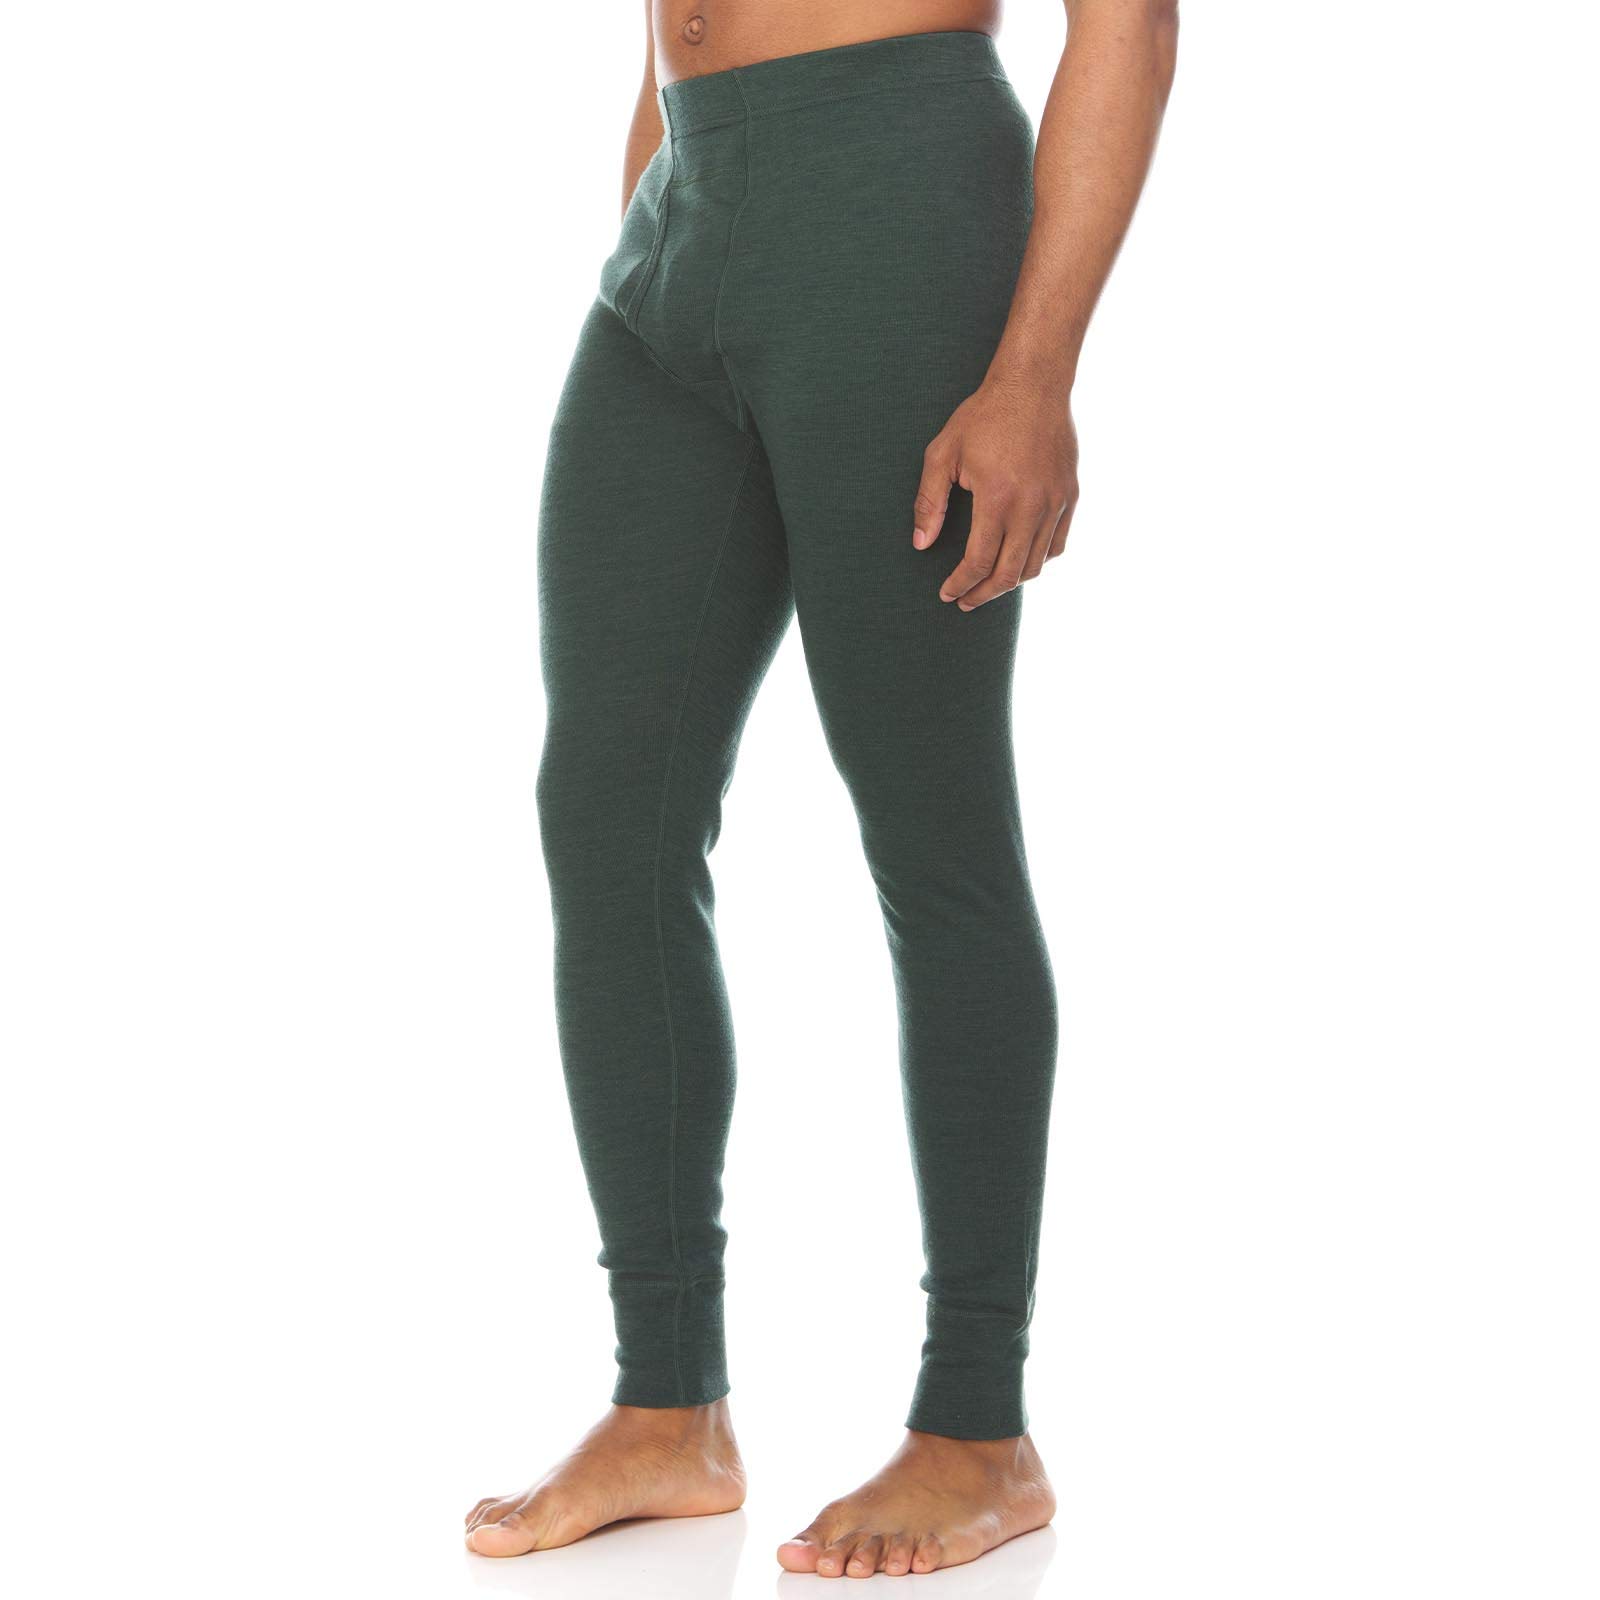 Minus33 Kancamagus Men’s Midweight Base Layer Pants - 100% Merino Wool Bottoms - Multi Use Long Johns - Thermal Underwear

--

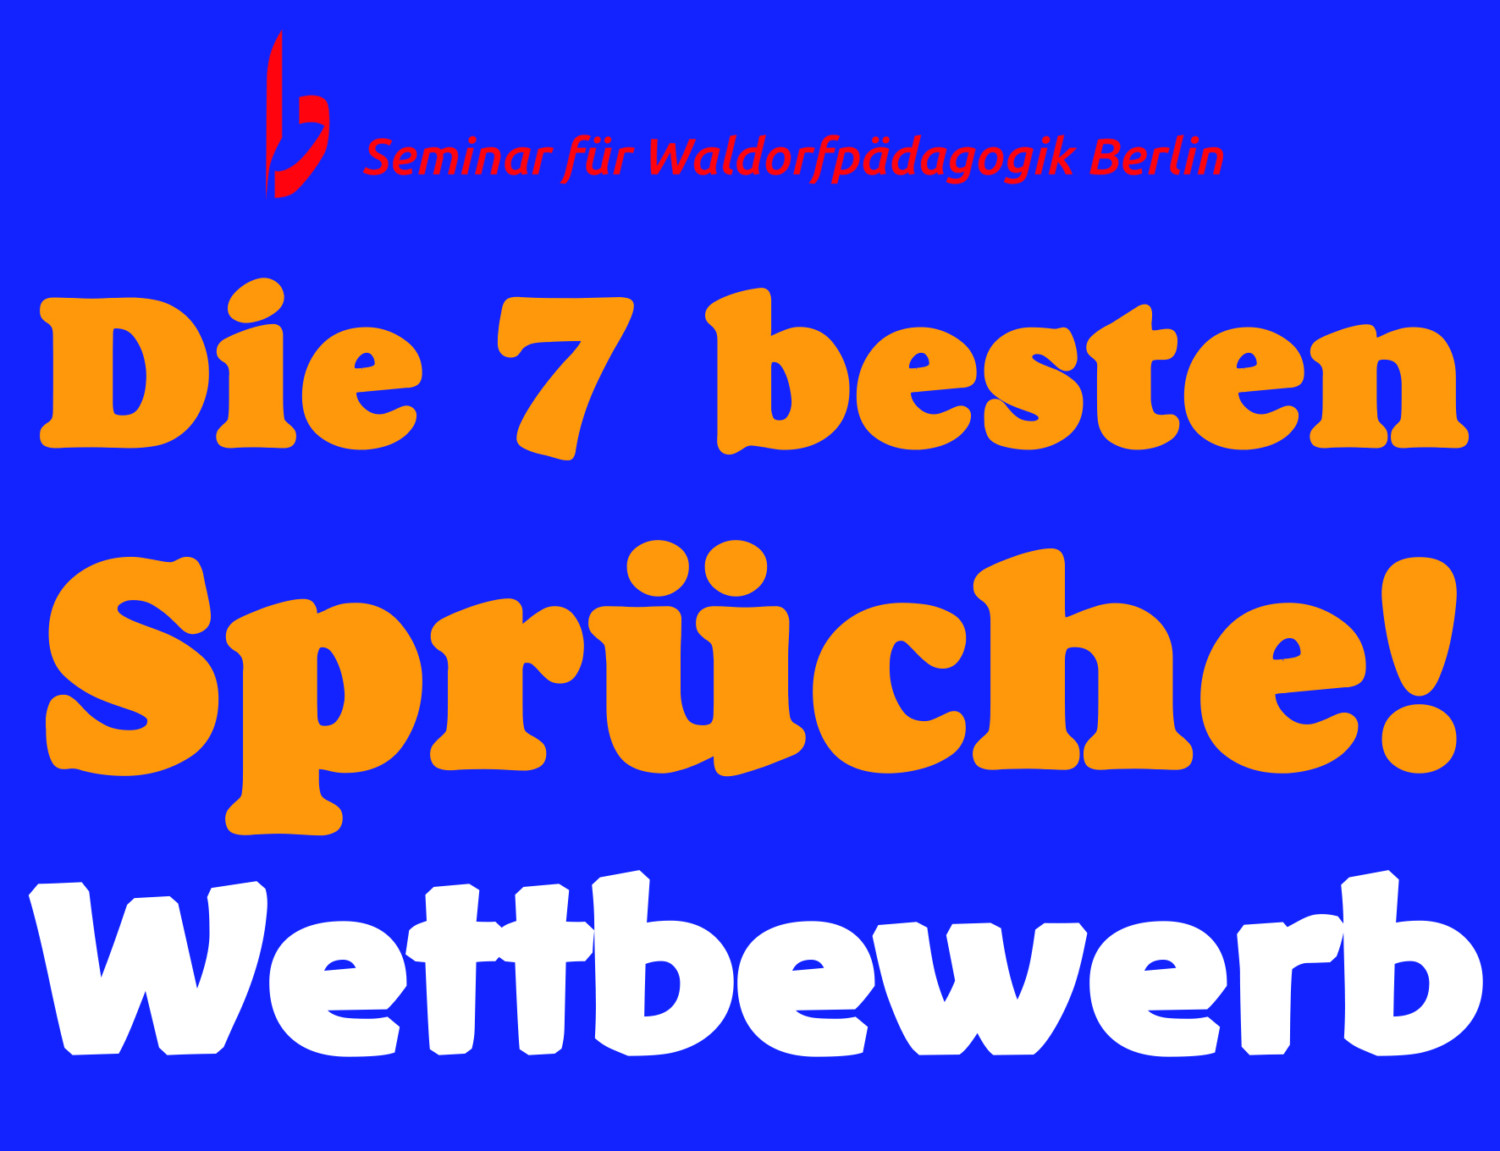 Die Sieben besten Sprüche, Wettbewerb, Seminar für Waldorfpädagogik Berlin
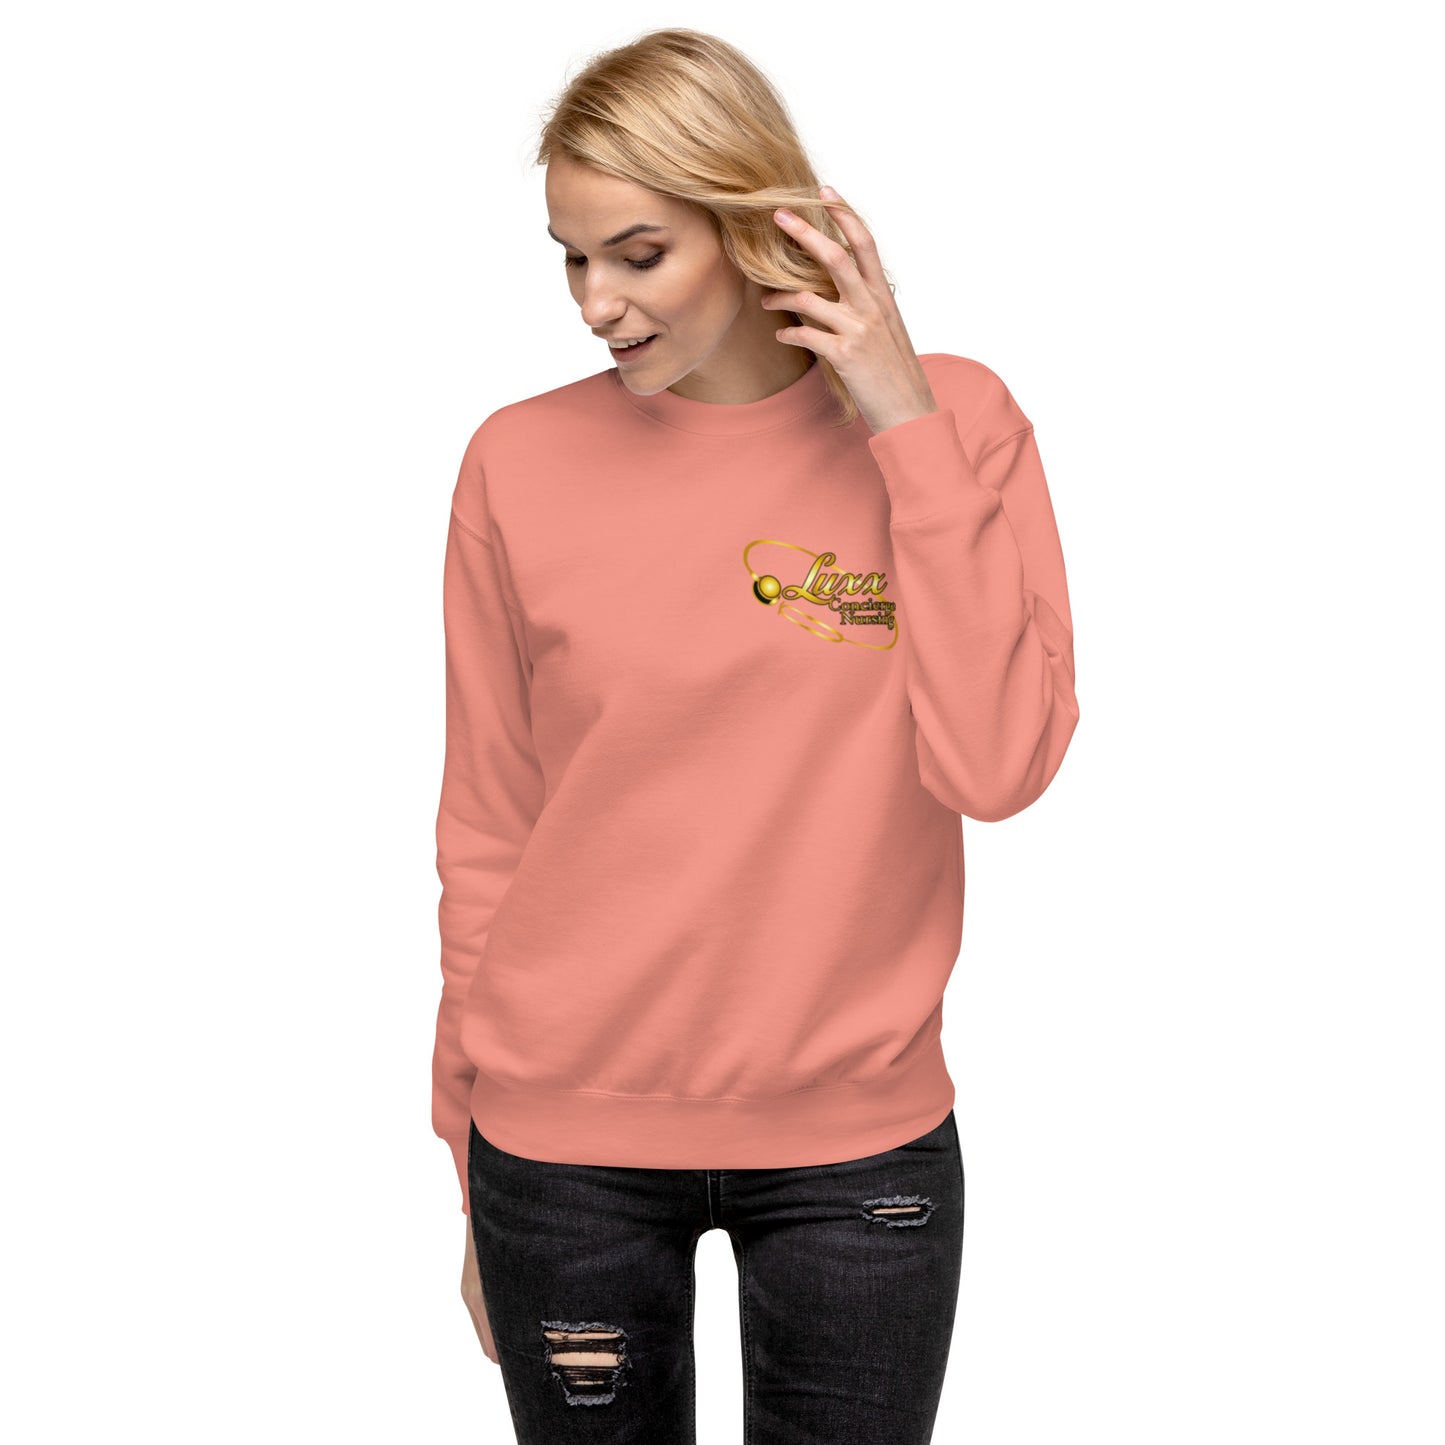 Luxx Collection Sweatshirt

---

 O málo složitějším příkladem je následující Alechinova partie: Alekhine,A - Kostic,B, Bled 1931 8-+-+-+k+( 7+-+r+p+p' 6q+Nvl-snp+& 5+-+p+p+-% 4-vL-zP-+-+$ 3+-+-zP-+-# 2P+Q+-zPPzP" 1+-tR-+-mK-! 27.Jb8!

◆ **Assigned task**: In the records above, find the line with "Die Sieben besten". Print exactly from there through the line with "Luxx Collection Sweatshirt", minus the pictures.

◆ **Exercise result**:
 Die Sieben besten Sprüche, Wettbewerb, Seminar für Waldorfpädagogik Berlin
 Luxx Collection Sweatshirt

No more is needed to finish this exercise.